Like everyone else here, I loved the ending, really made the whole piece that much more special and brilliant.

The only slight problem I have with it is the 3rd line seems sort of a weird transition, but aside from that, it's perfect.
#10
Quote by ZanasCross
c4c.

Okay, real critique time.


Erin and I had curled up on the hillside,
looking to the sky and sculpting clouds into
I'd personally stick "into" on the next line. It seems like a weird place to put a line break.
animals and plants and beer bottles and faces.
She was the first friend I'd had in years.

But the sun became angry,
As someone has already pointed out, this is a very uncomfortable transition, in that it feels somewhat arbitrary; the first stanza doesn't really naturaly progress into this one. Personally, I'd either change this first line, or mention the sun at some point in the first stanza.
dropped his shoulders and burnt the sky dead;
"you'll never take me alive"
I'd stick a full stop at the end of this line, I think the pause is more effective.
and he meant it.

I saw a cloud that looked like New York City;
and the fire grew closer and closer and
It took me a while to realise where this 'fire' has come from, but I think you should leave it as it is.
until all the little people in the cloud
Little people was a bit... meh. I didn't like it.
shrieked, cried, gasped, moaned.
I'd add "until" or something along those lines, or performing a similar function, at the end of this line. Otherwise, the sudden "silence" on the next, is almost out of nowhere.
Silence.

"Erin, my imaginary friends have all died."
Silence.
Repetition was of silence was particularly effective.

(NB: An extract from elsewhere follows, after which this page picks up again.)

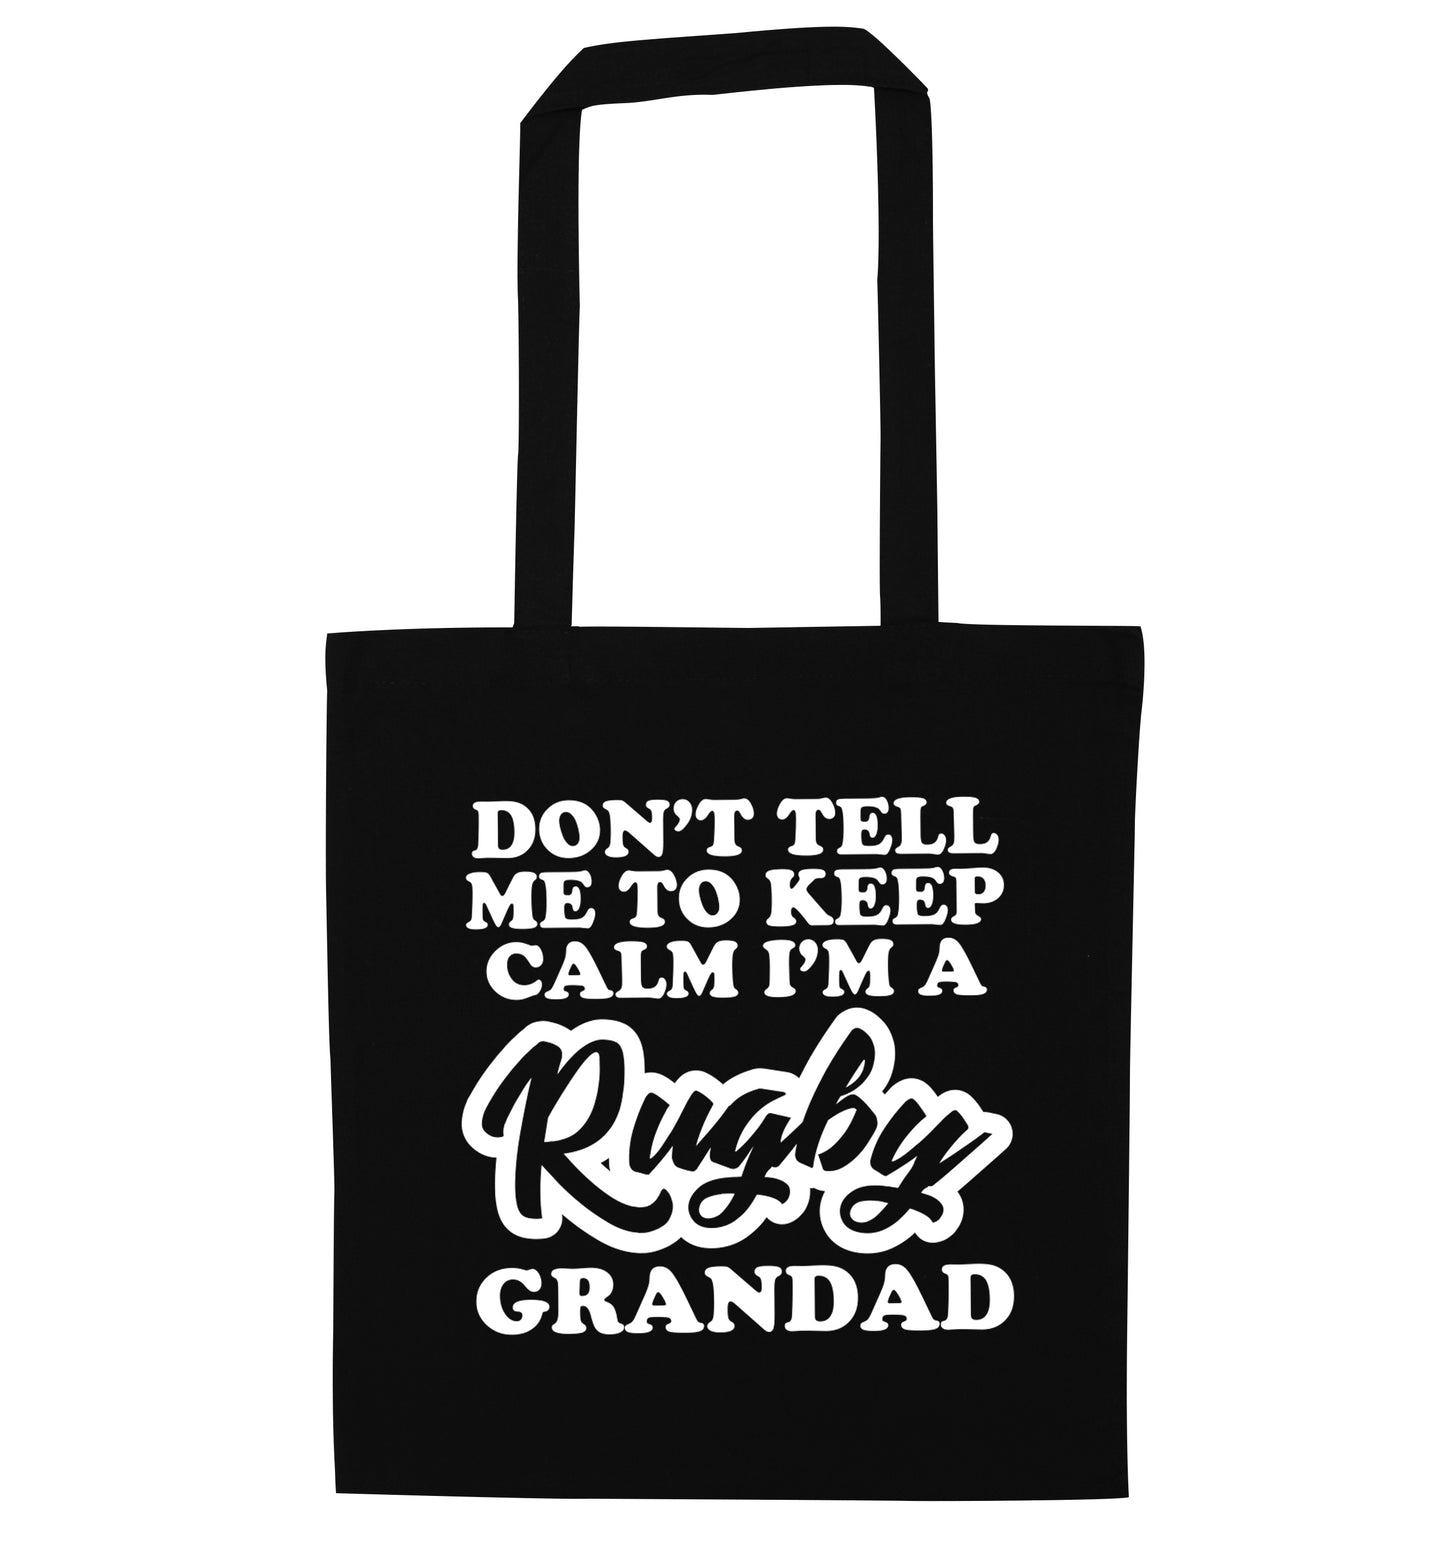 Don't tell me to keep calm I'm a rugby dad black tote bag

She lay lifeless in my arms
Awesome ending!
.


I've nitpicked through this as much as I could. I really like it.

If you want to return a comment:
https://www.ultimate-guitar.com/forum/showthread.php?t=1162168

Thanks.
#11
I've been planning on getting to this for quite some time now.

Erin and I had curled up on the hillside,
looking to the sky and sculpting clouds into
animals and plants and beer bottles and faces.
Personally, I feel that the repetition of "and" makes this line just drag on too much. It could work for me if you left it as
"animals and plants. Beer bottles and faces."

She was the first friend I'd had in years.

But the sun became angry,
This line lacks your craftsmanship present in the rest of the piece. Showing the sun's fiery fury would be much more appropriate. This is, rather dull to be honest.
dropped his shoulders and burnt the sky dead;
"dead" is more-or-less just tagged onto the end. I feel that it takes away from the ending (your imaginary friends die part). I'm not sure if that semi-colon is used correctly.
"you'll never take me alive"
and he meant it.

I saw a cloud that looked like New York City;
Why does the cloud look like new your city? Give me a landmark maybe. Or just say there are buildings and it reminds you. Hell, I might think it looks like a butthole.
and the fire grew closer and closer and closer
I'm a bit skeptical about the "closer and.." part. It drags on in my opinion. Seriously, I understand that the fire is approaching.
until all the little people in the cloud
Little People? eh. thats nothing major I guess.
shrieked, cried, gasped, moaned.
Silence.

"Erin, my imaginary friends all died."
This is the major part that I find 'shaky' with your piece. To me, you're contradicting yourself. You say she's your only friend you've had in years. YET! All your imaginary friends die. That would make all the people in the cloud also your friend. What I'm getting at is, either you're lying and she's not the first friend you've had in years, or you need to rephrase that statement to include that she is the first REAL friend you've had in years.
Silence.

She lay lifeless in my arms.


This was very well writen.


Also, now that I've read the other comments I'll add in that the sun did pop out of nowhere. If you talked about the sky a bit first and then went to the sun; the idea would flow a bit more logically.
Promises meant a lot back then.
#12
I agree that the transition isn't smooth. Why did the Sun become angry?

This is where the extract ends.